Staining Live Cells with Fluorescent Nucleic Acid Stain LUCS 13

LUCS 13 is a cell-permeant nucleic acid stain that exhibits green fluorescence upon binding to nucleic acids. The stain has a high fluorescent yield and a structure identical to SYTO™13 stain.

LUCS 13 is used to stain both DNA and RNA in live and dead eukaryotic cells as well as Gram-positive and Gram-negative bacteria. The dye is excited by the blue laser at 488 nm. Its fluorescence emission is detected in the fluorescein channel with a peak at 509 nm when bound to DNA and 514 nm when bound to RNA.

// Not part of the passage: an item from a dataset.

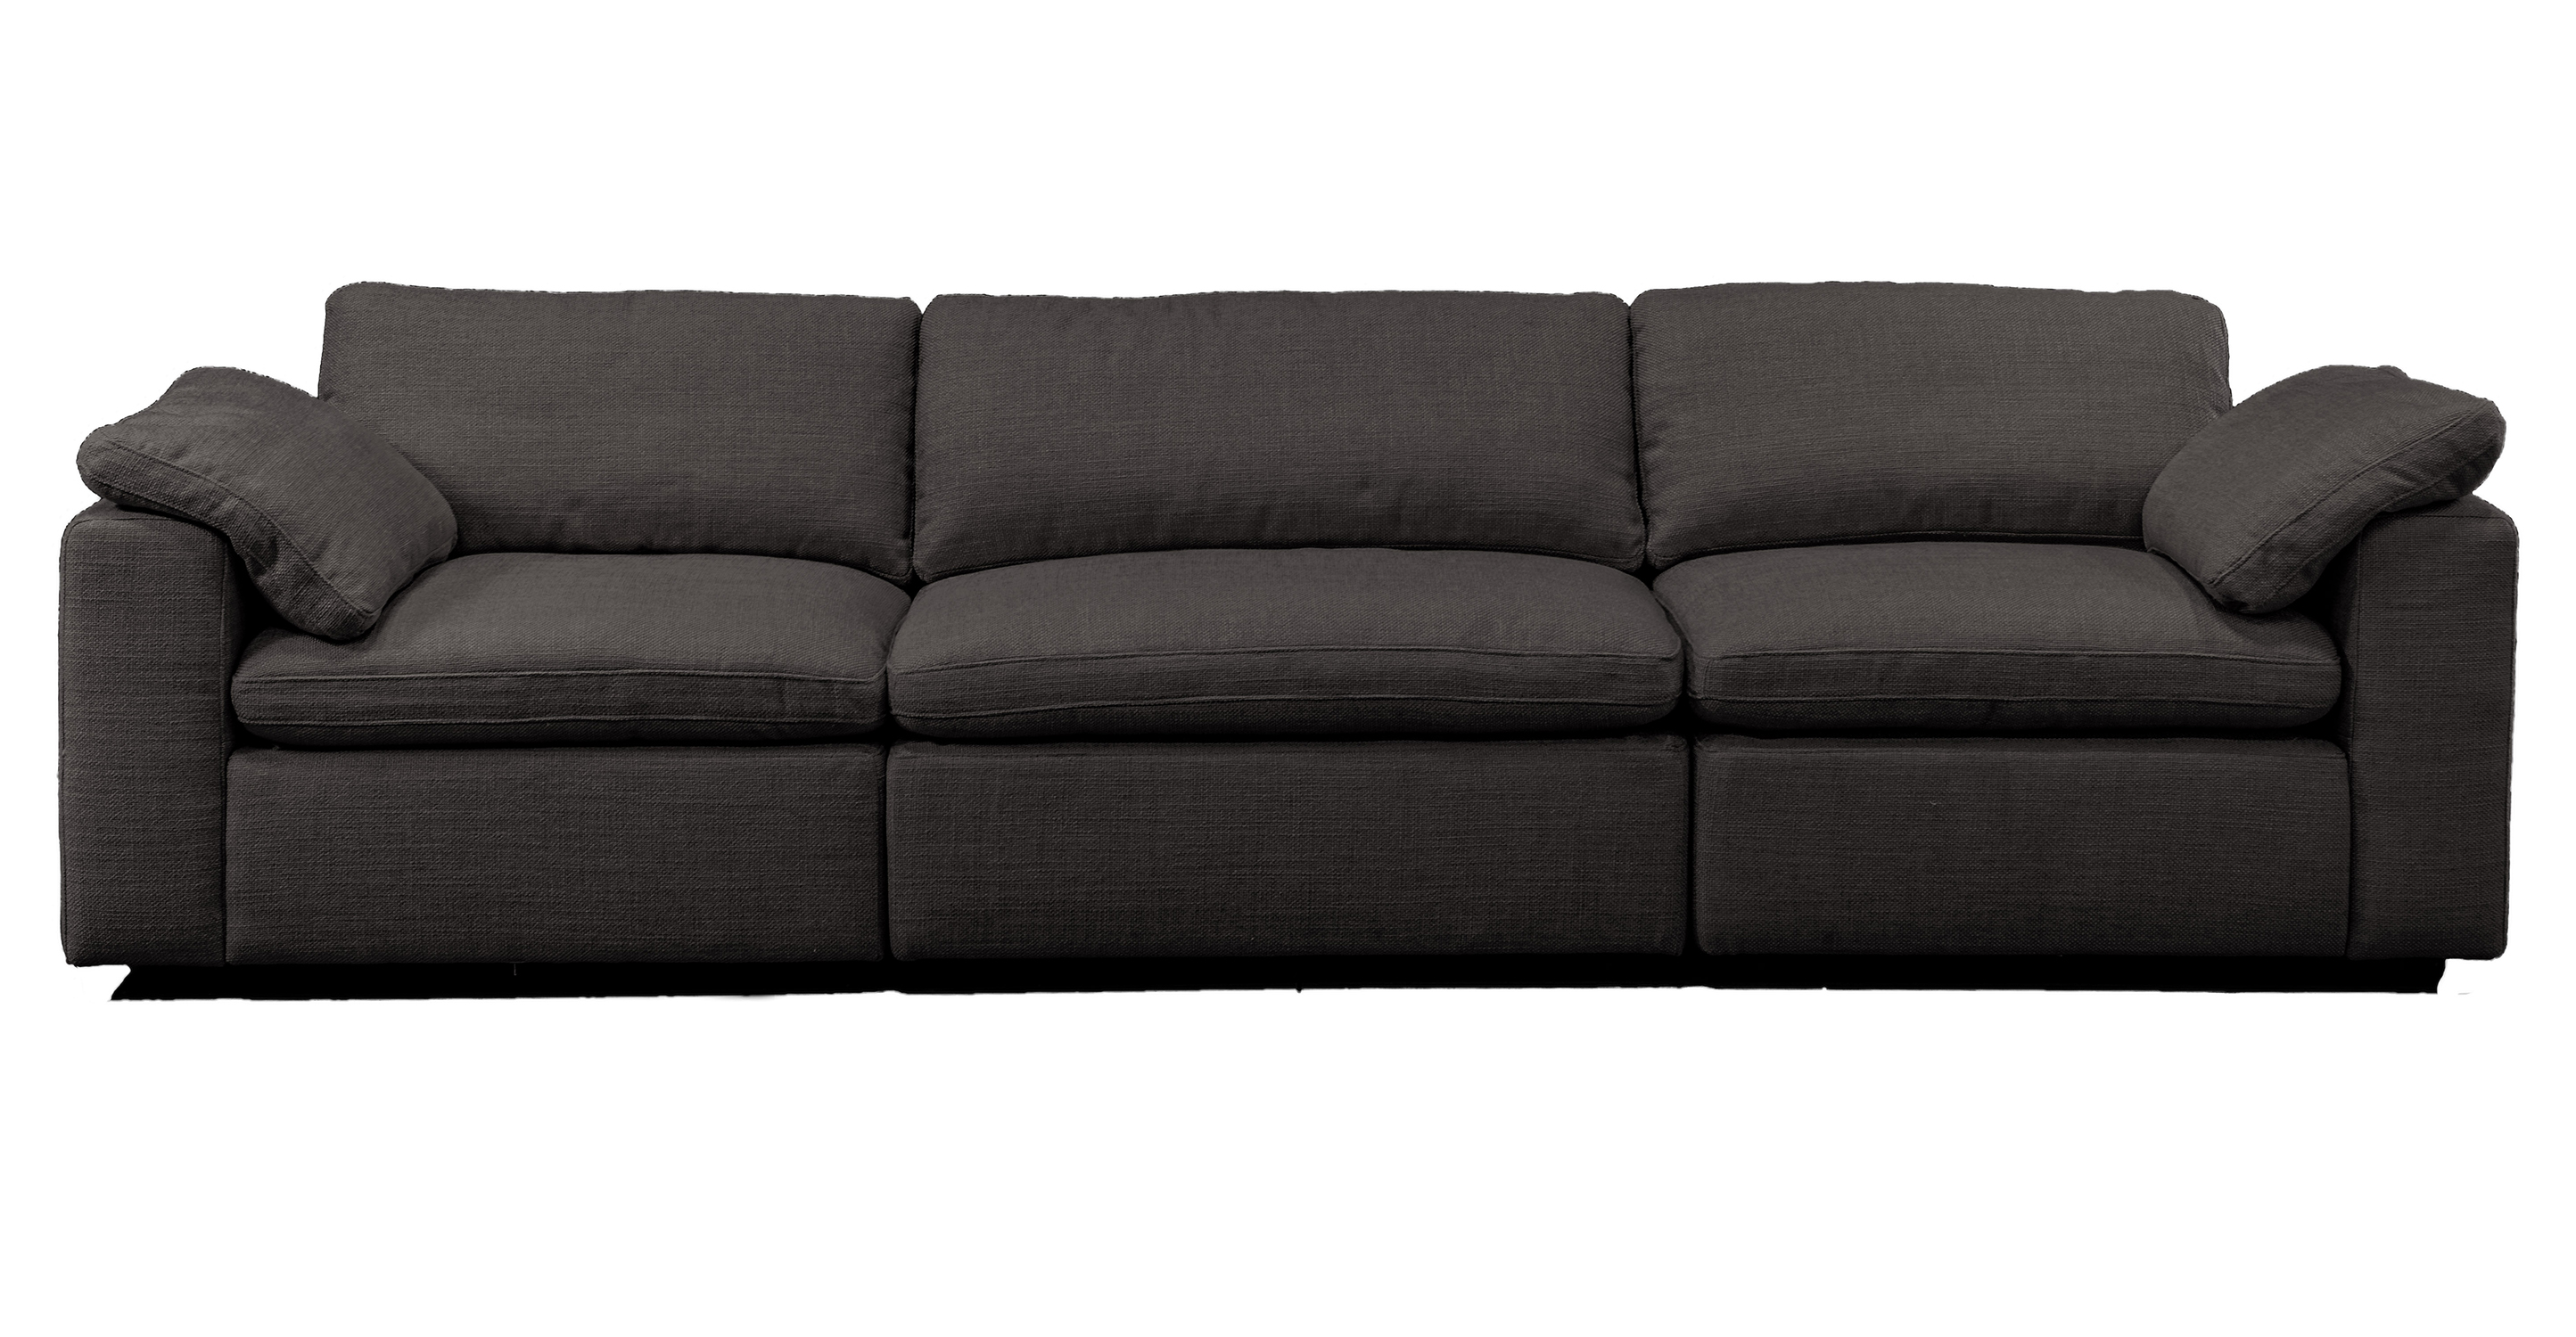 "Nest Modular 120"" Finch 3-pc Fabric Sofa Sectional, Dior Grey"
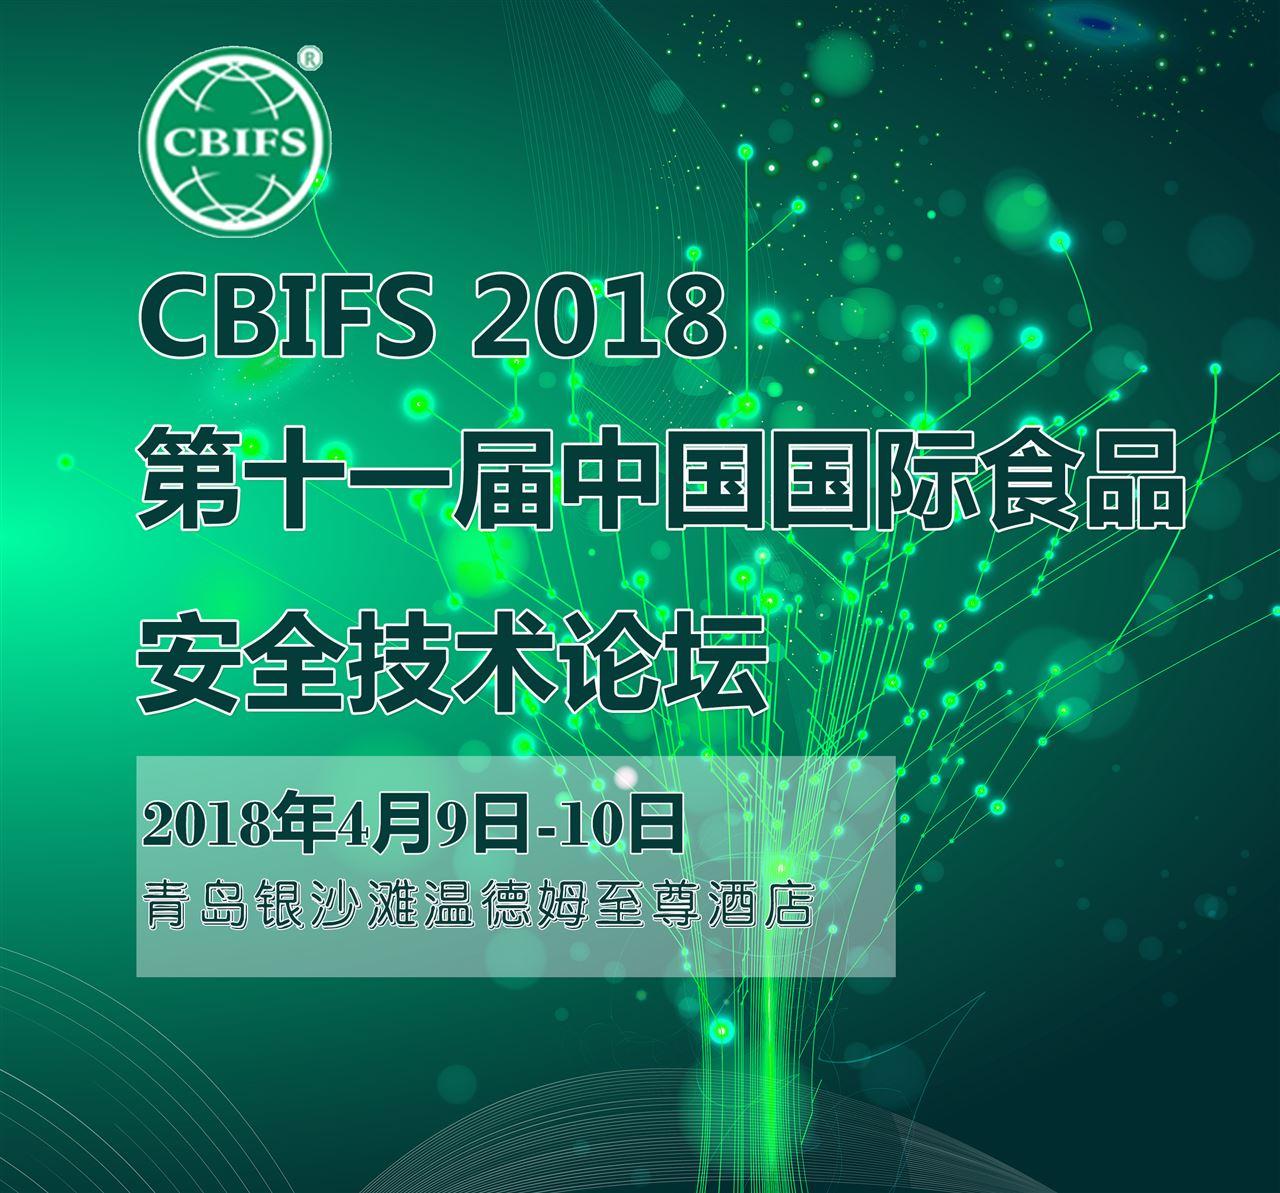 CBIFS 2018第十一屆中國國際食品安全技術論壇盛大開幕

The dye can be used in simultaneous labeling with cell-impermeant nuclear markers, such as YoDi-3, to evaluate cell viability using fluorescence microscopy and flow cytometry.

Protocol

The exact protocol depends on the specific cell type and experimental task. In general, it can be described as follows:

Prepare a 50 µM stock solution of LUCS 13. To do this, add 990 µl of deionized water to 10 µl of a 5 mM LUCS 13 solution. The stock solution can be aliquoted and frozen for long-term storage.
To prepare a working 1 µM LUCS 13 solution, add 20 µl of 50 µM LUCS13 stock to 980 µl of PBS.
Carefully remove adherent cells from the growth surface in a suitable manner. With suspension cells, start work from the next point.
Wash the cells once with cold PBS (pH 7.4). Seed cells by centrifugation for 5 min at 300 g.
Incubate the cells in 1 ml of 1 μM LUCS 13 working solution for 30 min at 37°C.
Remove the dye solution by centrifugation for 5 min at 300 g.
Wash the cells once with PBS.
(Optional) If necessary, cells can be fixed in 3.7% formaldehyde in PBS for 15 min, washed with PBS, and restained with another stain.

Important

Use plastic vials when handling LUCS 13 solutions, as the diluted dye may stick to the glass.
The brighter staining results can be obtained with phosphate-free buffers (e.g.,15 mM HEPES in saline).
Before starting the experiment, test several dye concentrations ranging from 10 nM to 5 µM to determine the most optimal dye dilution. The result of staining is influenced by many factors: growth medium, cell density, presence of other cell types, duration of staining, etc.

SYTO® is a trademark of Molecular Probes Inc.